I.
Otra llave.
Y digo otra no porque tenga la certeza que la primera no sirve.
No la pido, por cierto, solo la enuncio.
Otra llave, digo.
Luego, ni siquiera intento abrir.
II.
Observo la cerradura.
No otra, esta vez, sino la única cerradura.
No parece que vaya a funcionar, me digo.
Incluso dejando a un lado el asunto ese de la llave (o de la otra llave), desconfío, esta vez, de la cerradura.
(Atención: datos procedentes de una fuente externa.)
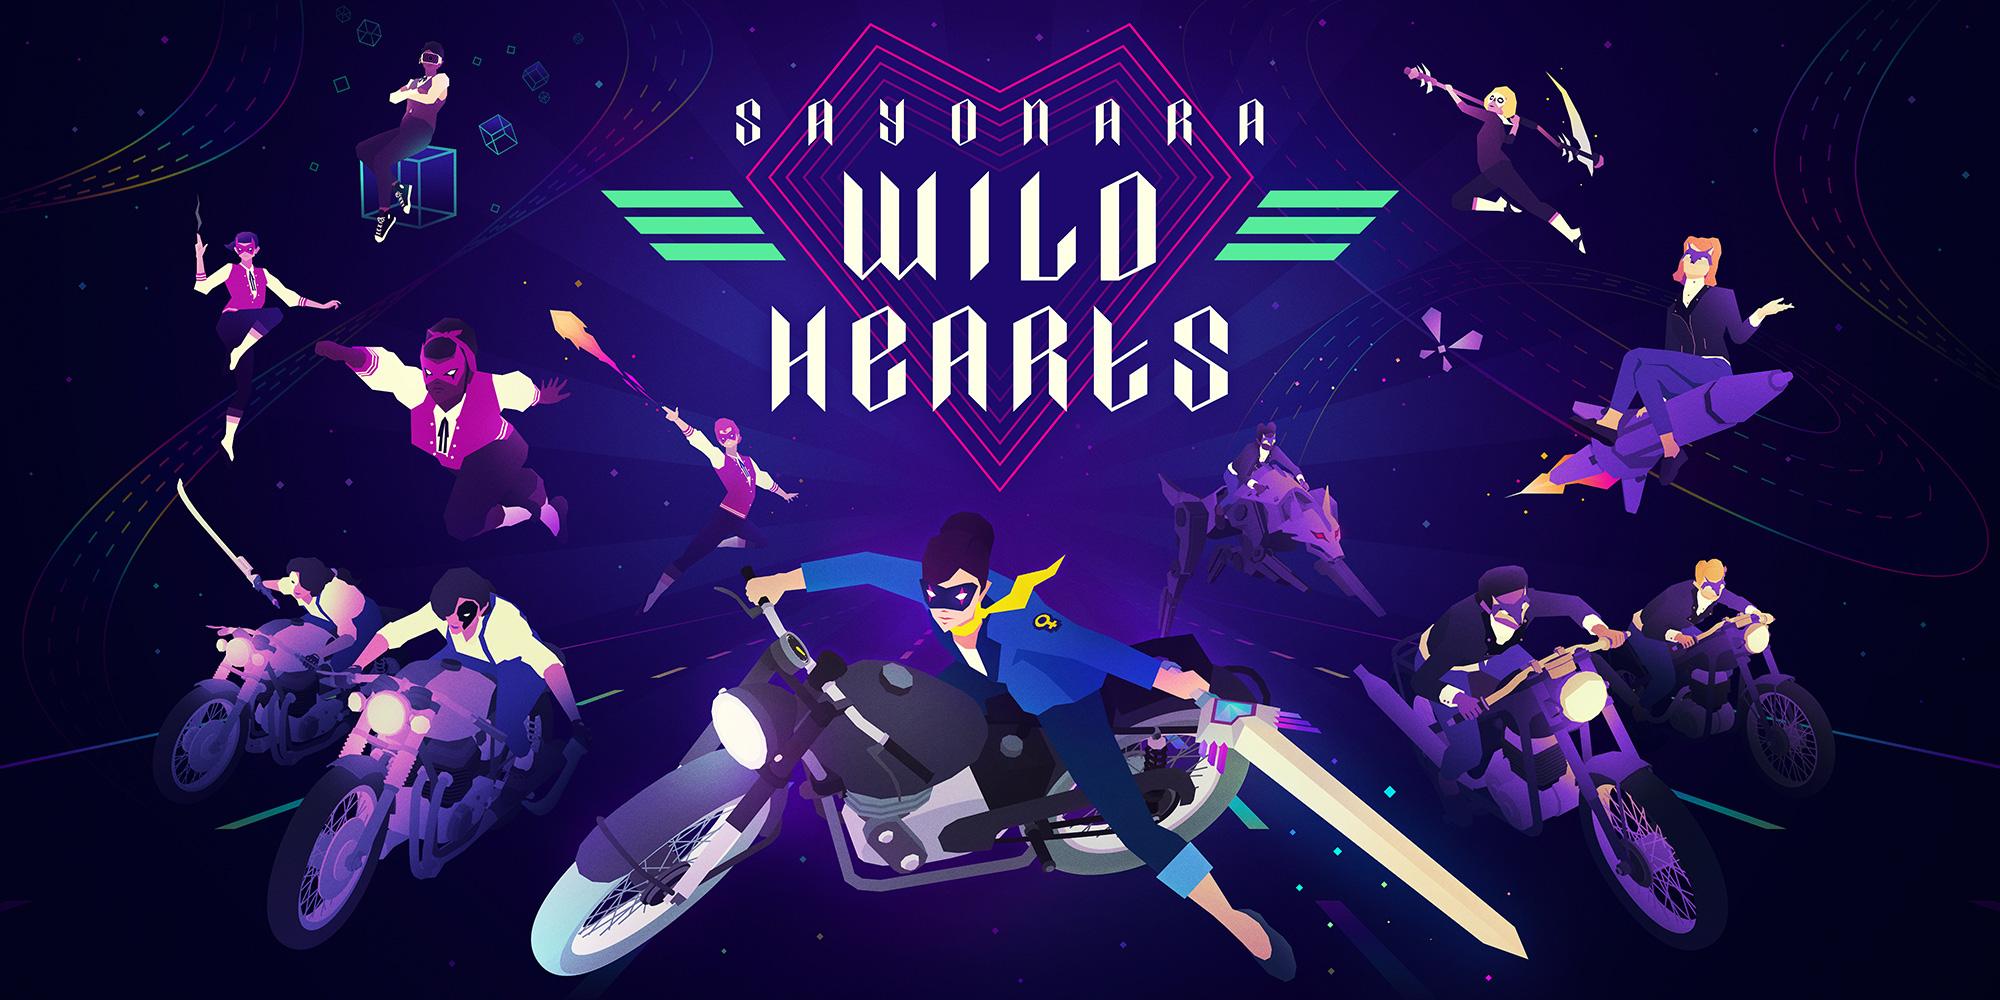 Sayonara Wild Hearts   Nintendo Switch Download-Software   Spiele   Nintendo

De su mecanismo, quiero decir.
Y del espíritu que guió su diseño.
Y su llamado.
III.
Otra llave.
Otra que responda al llamado de la cerradura.
O sea, no es que ella llame, directamente, sino más bien se trata del llamado que llega a través de ella.
Otra llave que responda a eso, entonces.
No que vaya, necesariamente, pero que al menos responda.
Otra llave que no haga lo que todas.
Y que comprenda, de paso, lo que hace.
IV.
Observo ahora mis manos.
Ambas.
Una y otra, quiero, decir.
Igual que las llaves.
Las observo a la vez, de forma plena.
Con esto -aclaro-, quiero decir que no es necesario que un ojo visualice una y el otro ojo a la otra.
Respiro hondo, mientras lo hago.
Como si me sintiese aliviado después de resolver un enigma.
No hay en mis manos, ahora, llave alguna.